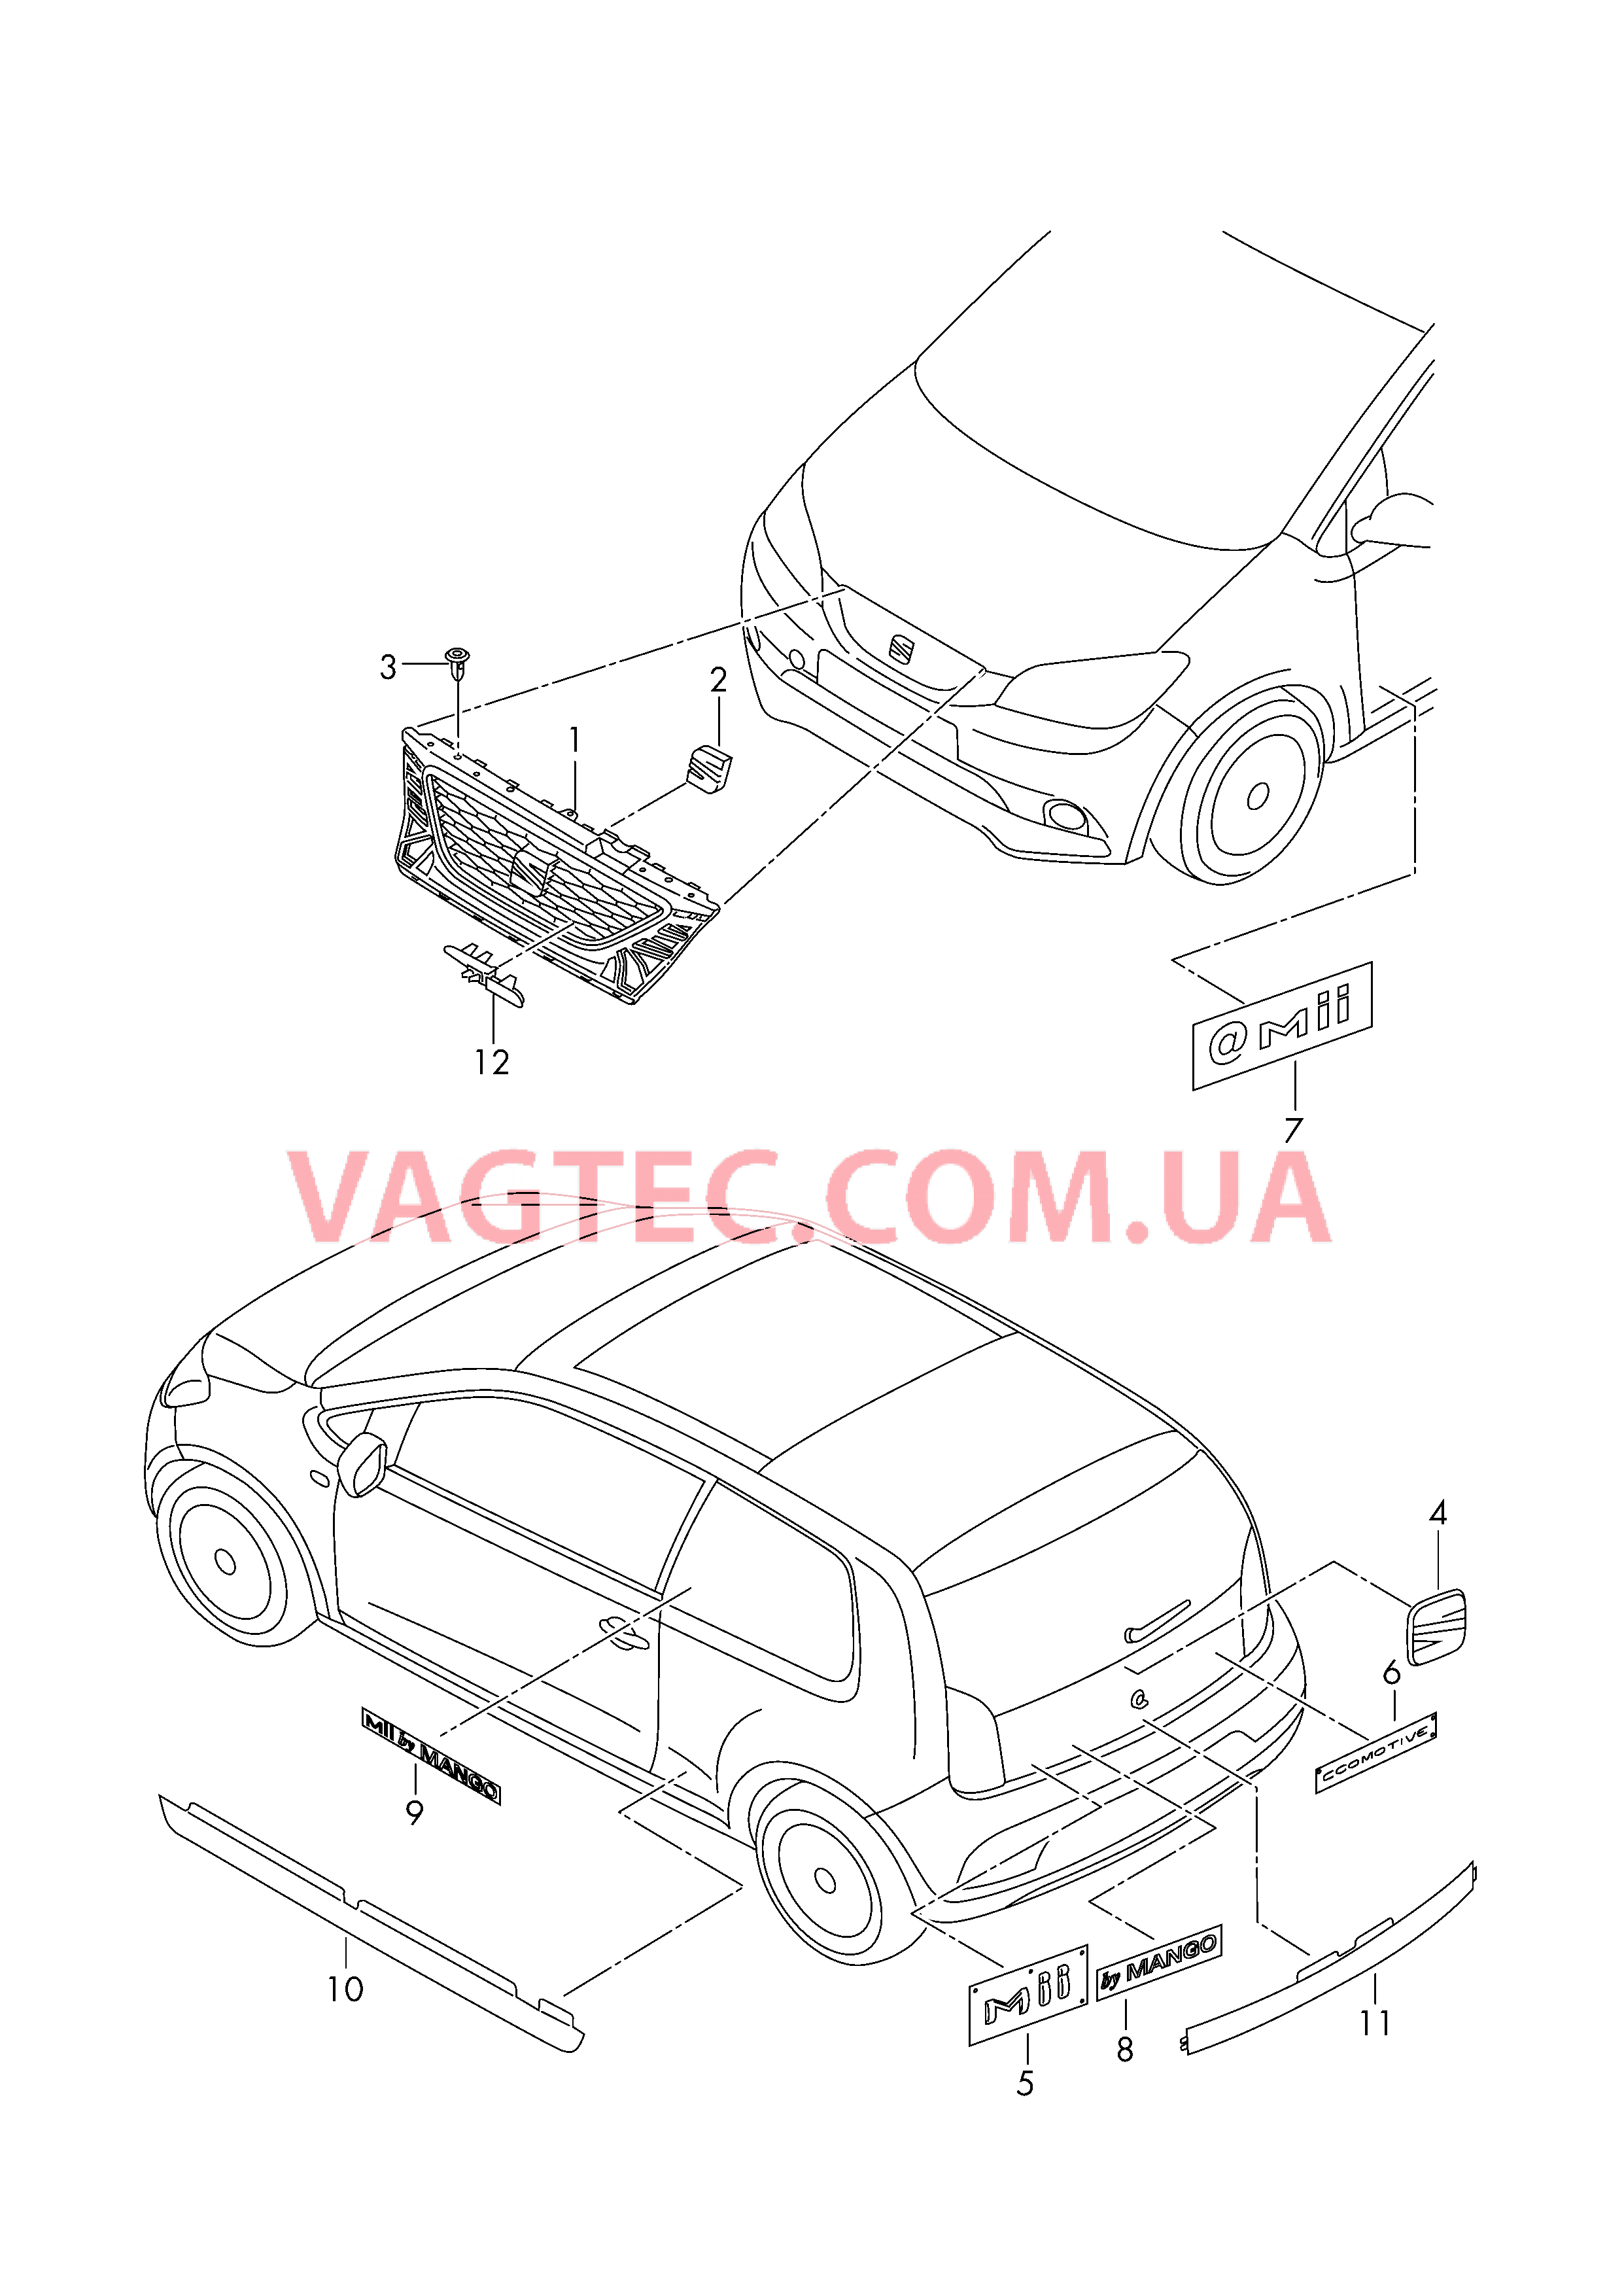 Решётка радиатора Надписи Брелок  для SEAT MI 2014
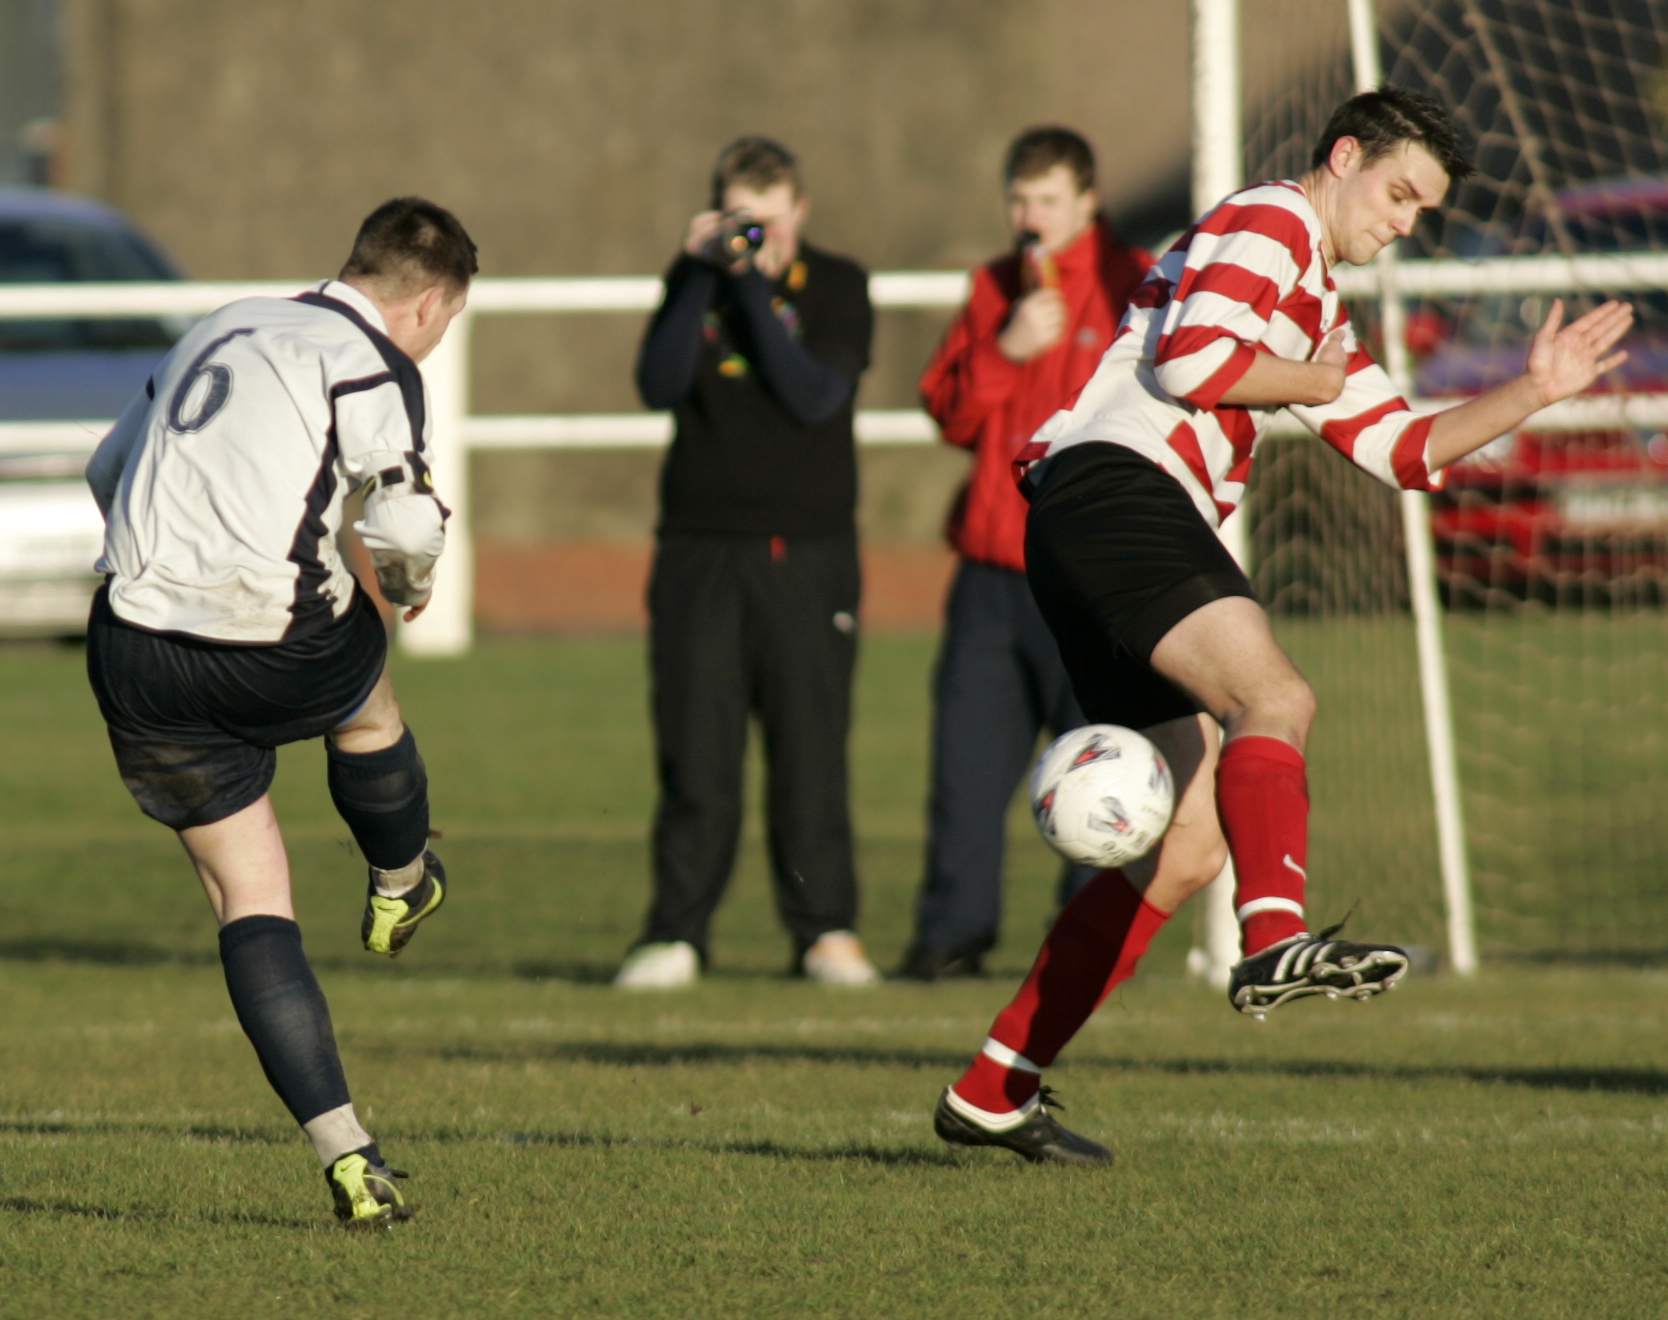 two soccer players kicking a soccer ball toward a goal
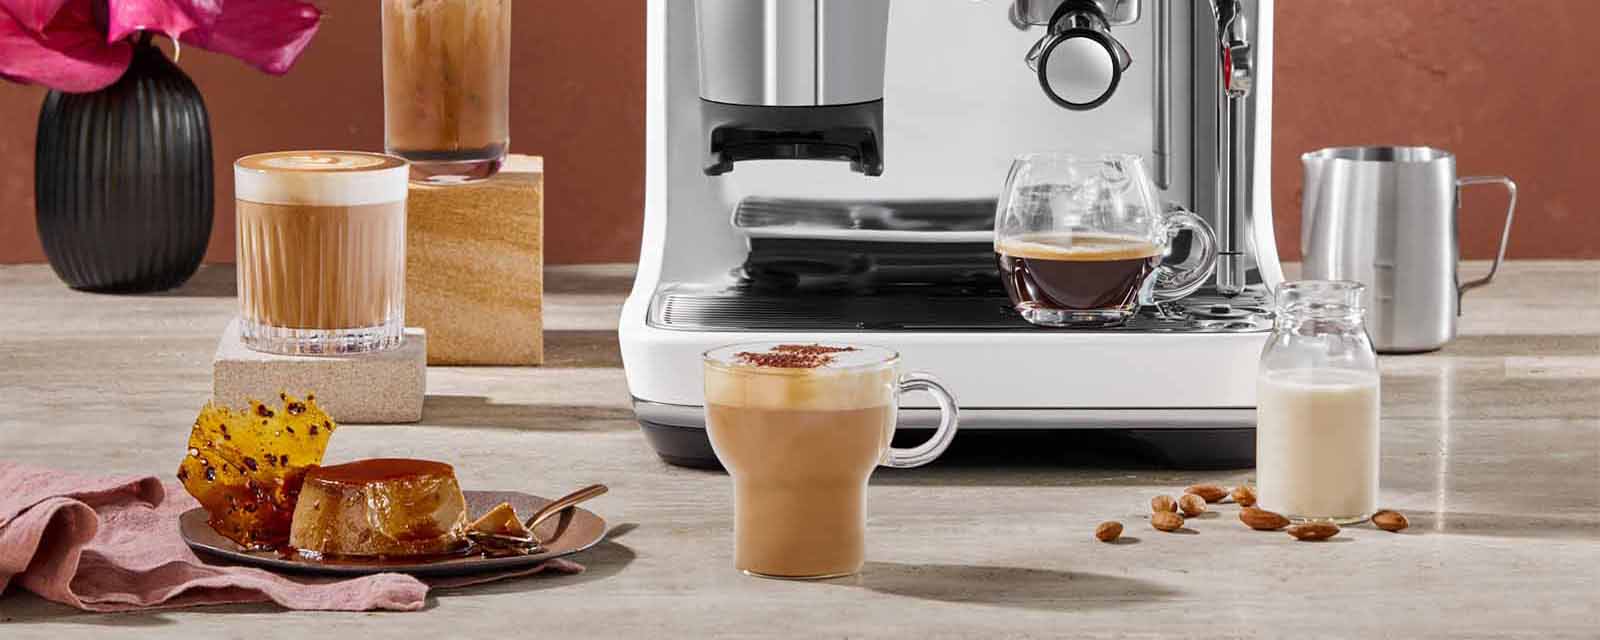 https://www.harveynorman.com.au/blog/assets/Recipes-for-Boozy-Spanish-Coffee-and-Espresso-Creme-Caramel.jpg

□ □ □ □ □

Task item:
Retype the entire listing exactly as it appears, dropping only the pictures.

Result of the exercise:
 Решётка радиатора Надписи Брелок  для SEAT MI 2014
 two soccer players kicking a soccer ball toward a goal
 https://www.harveynorman.com.au/blog/assets/Recipes-for-Boozy-Spanish-Coffee-and-Espresso-Creme-Caramel.jpg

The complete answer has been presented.